Goal of the exercise: Word for word, copy the lines from the one with "Ochanomizu University Open" to the last line of the data below, counting both, and keep every picture out.

__________

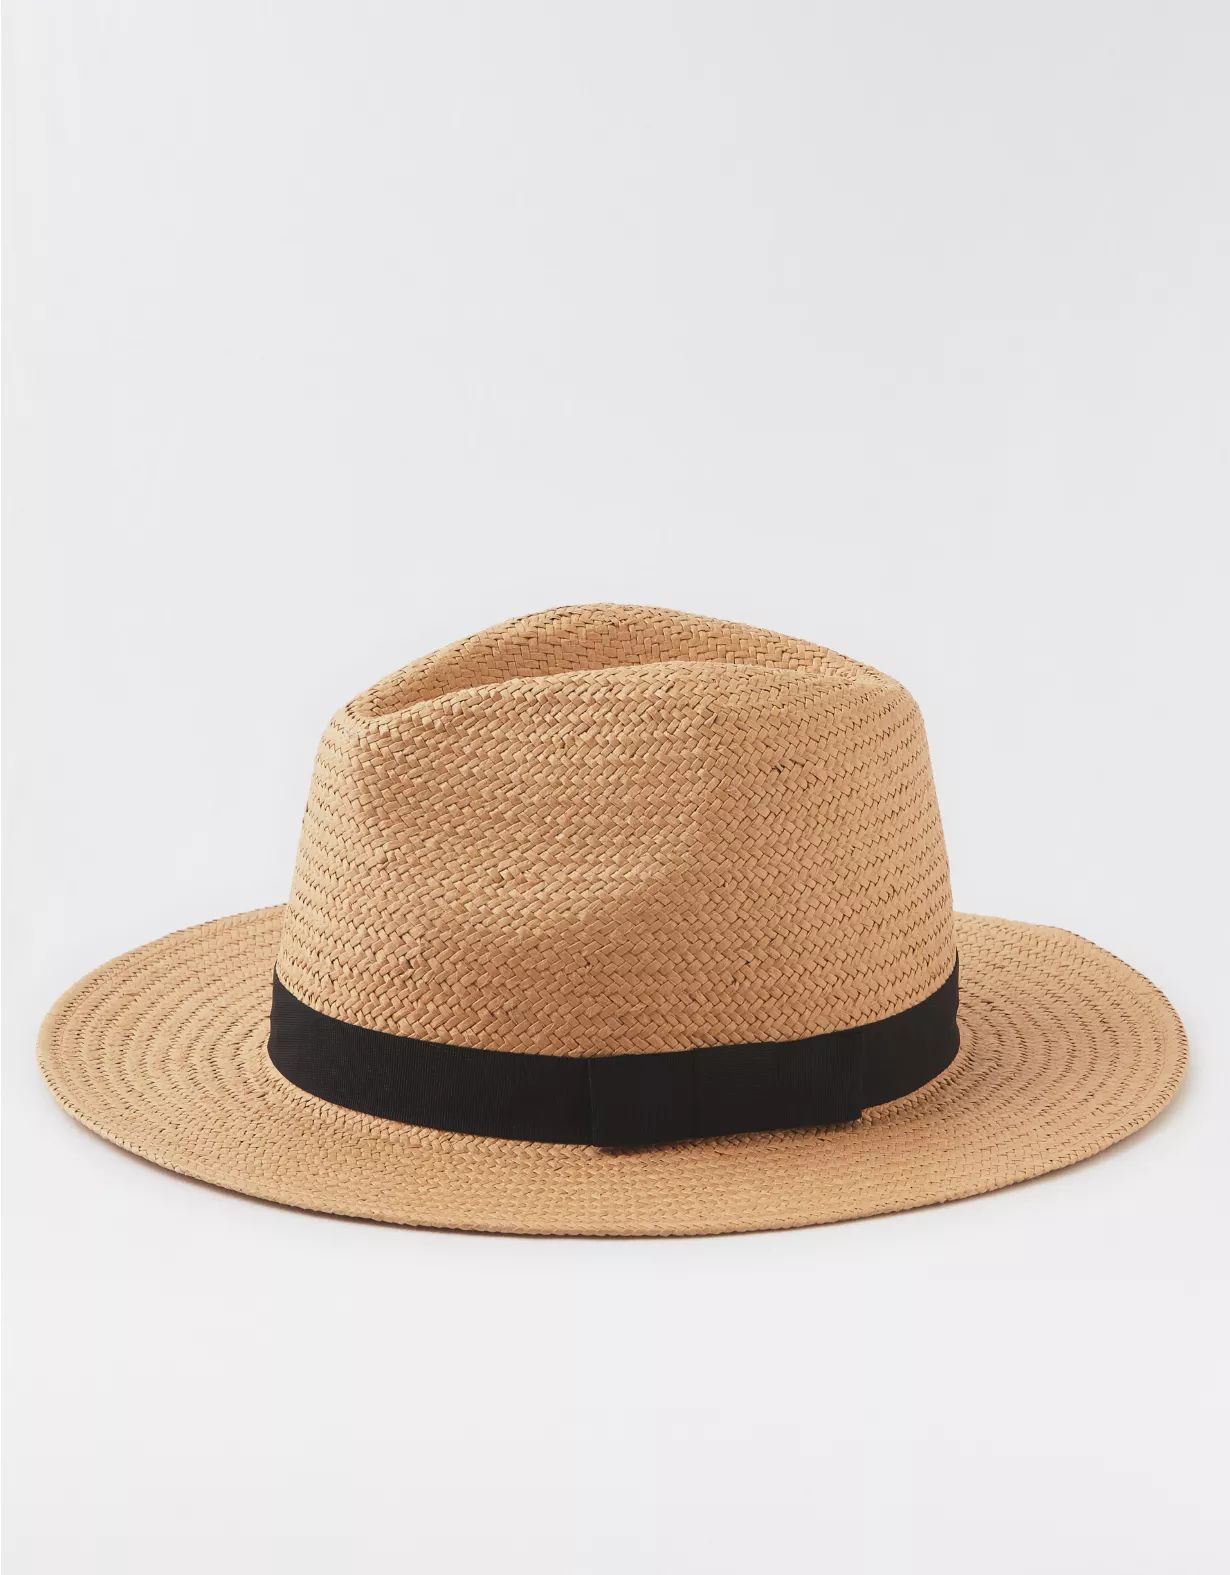 Aerie Straw Panama Hat | Aerie
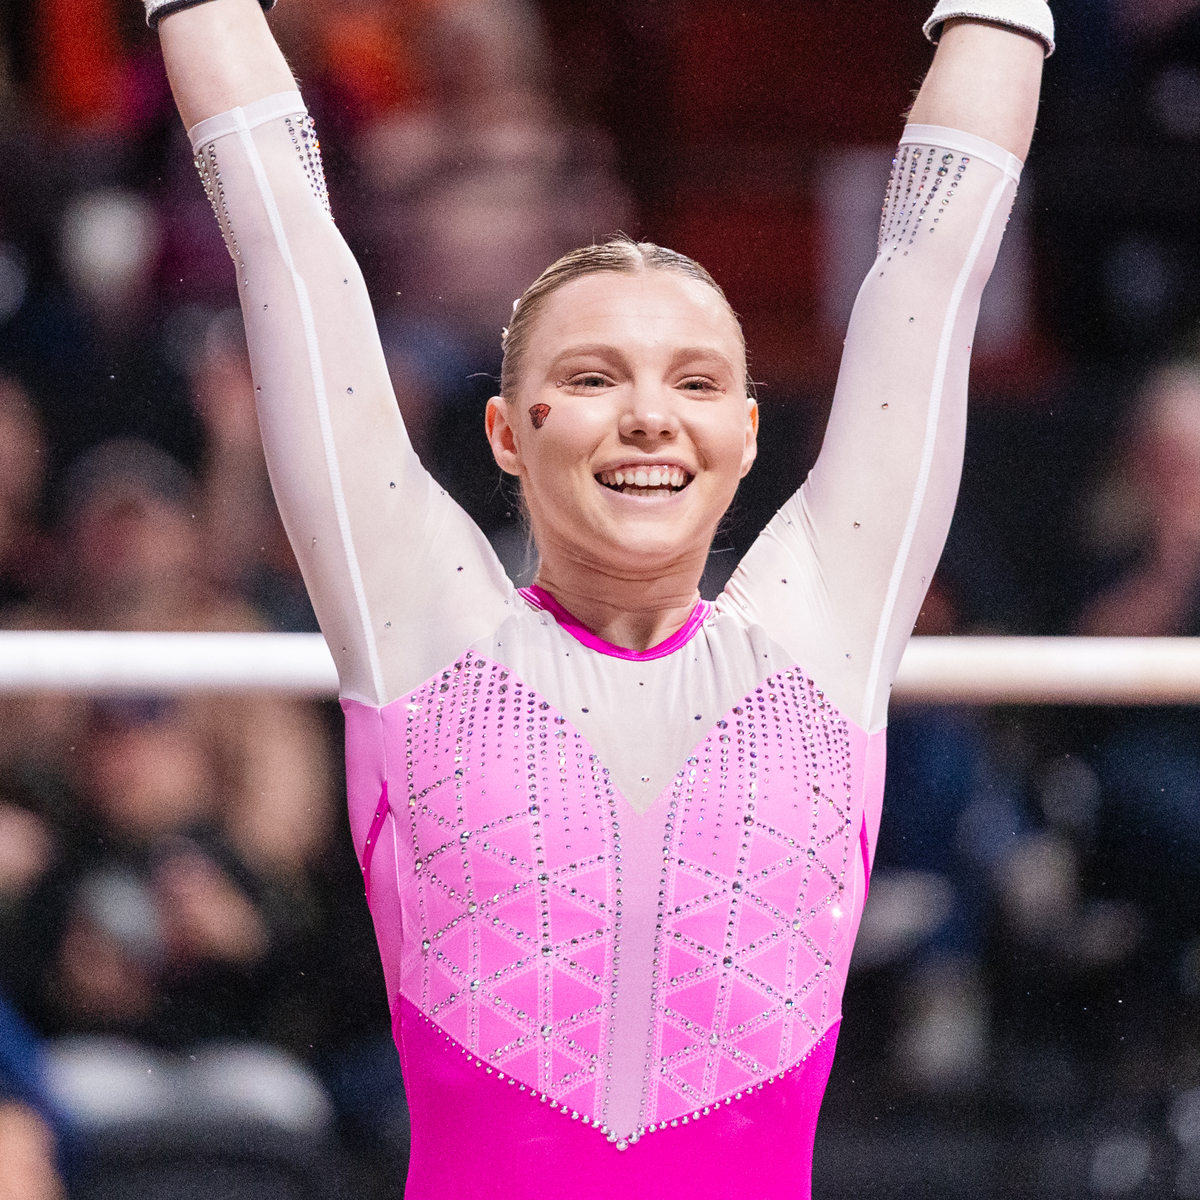 How Olympic Gymnast Jade Carey Overcomes Battle With “Twisties”
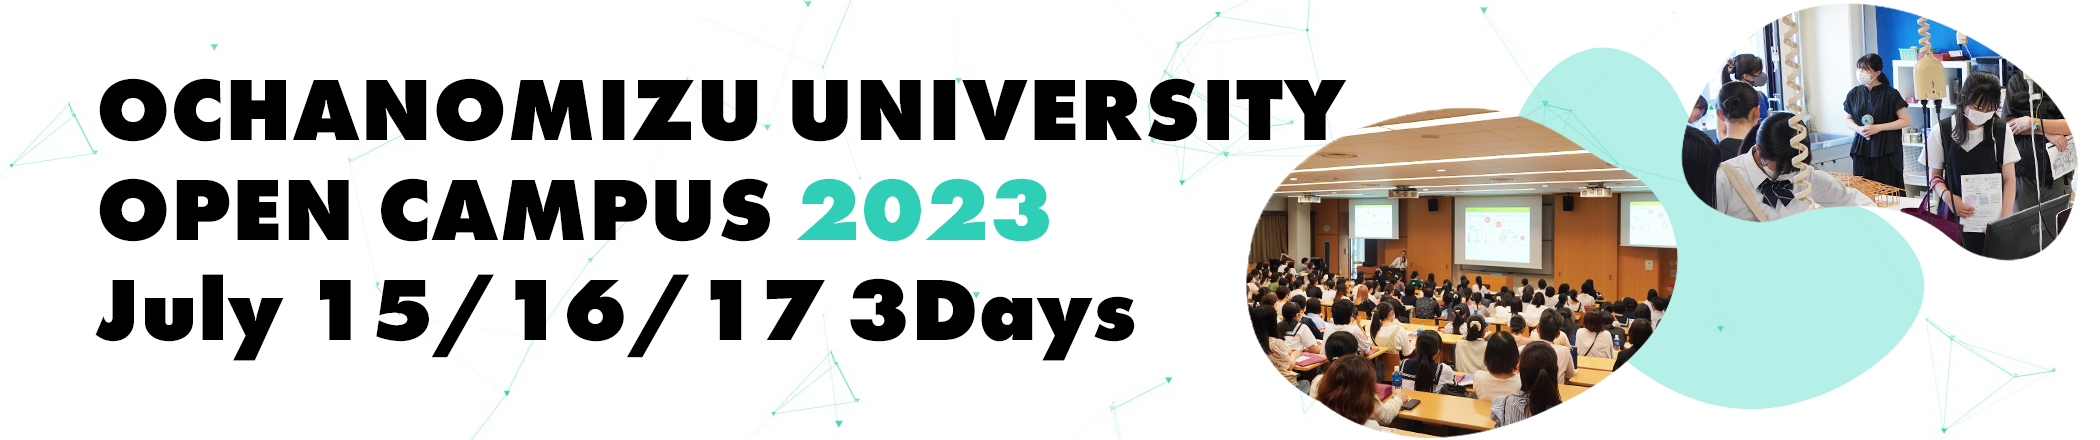 Ochanomizu University Open Campus 2023 July 15/16/17 3Days
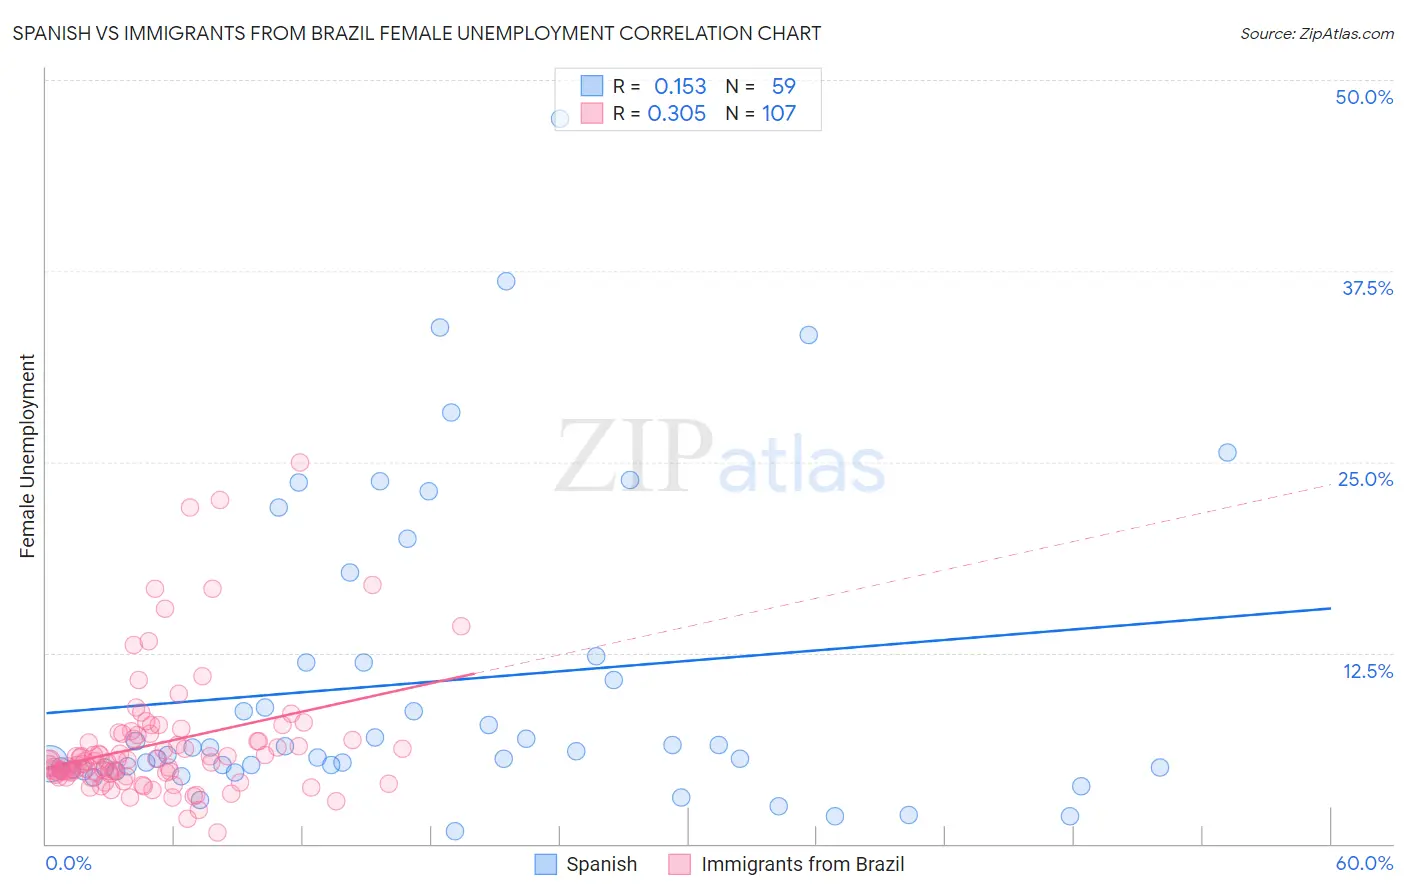 Spanish vs Immigrants from Brazil Female Unemployment
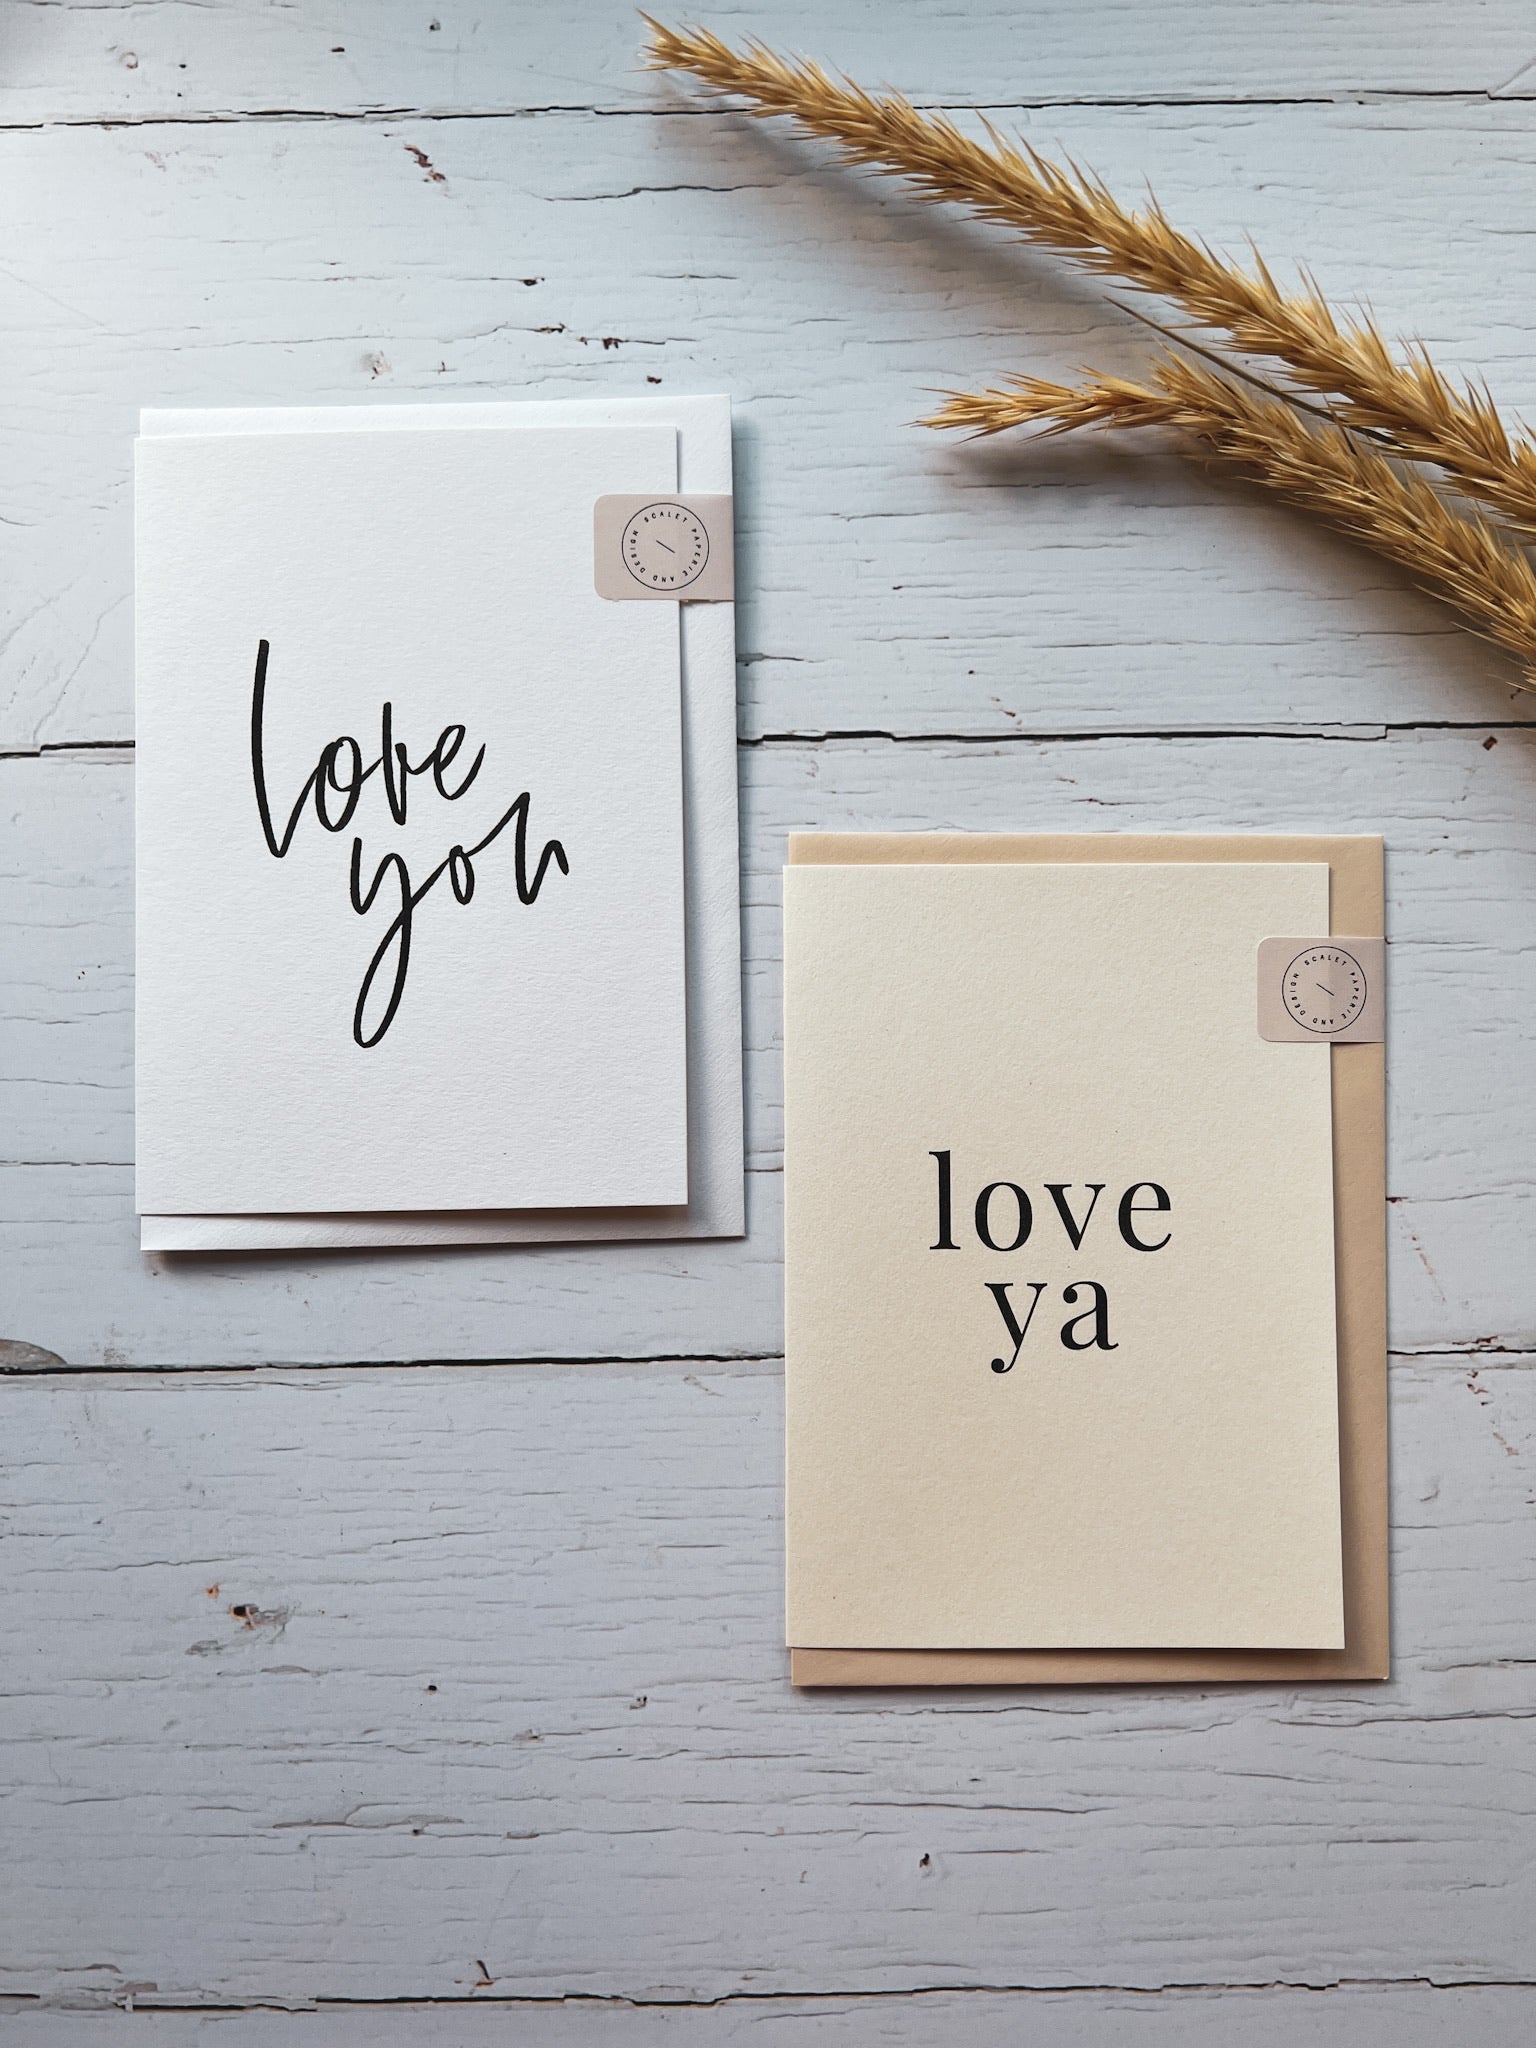 Minimalist Valentine's Cards: Love Ya & Love You - Readymoney Beach Shop

__________

Finished task:
 Ochanomizu University Open Campus 2023 July 15/16/17 3Days
 Spanish vs Immigrants from Brazil Female Unemployment
 Minimalist Valentine's Cards: Love Ya & Love You - Readymoney Beach Shop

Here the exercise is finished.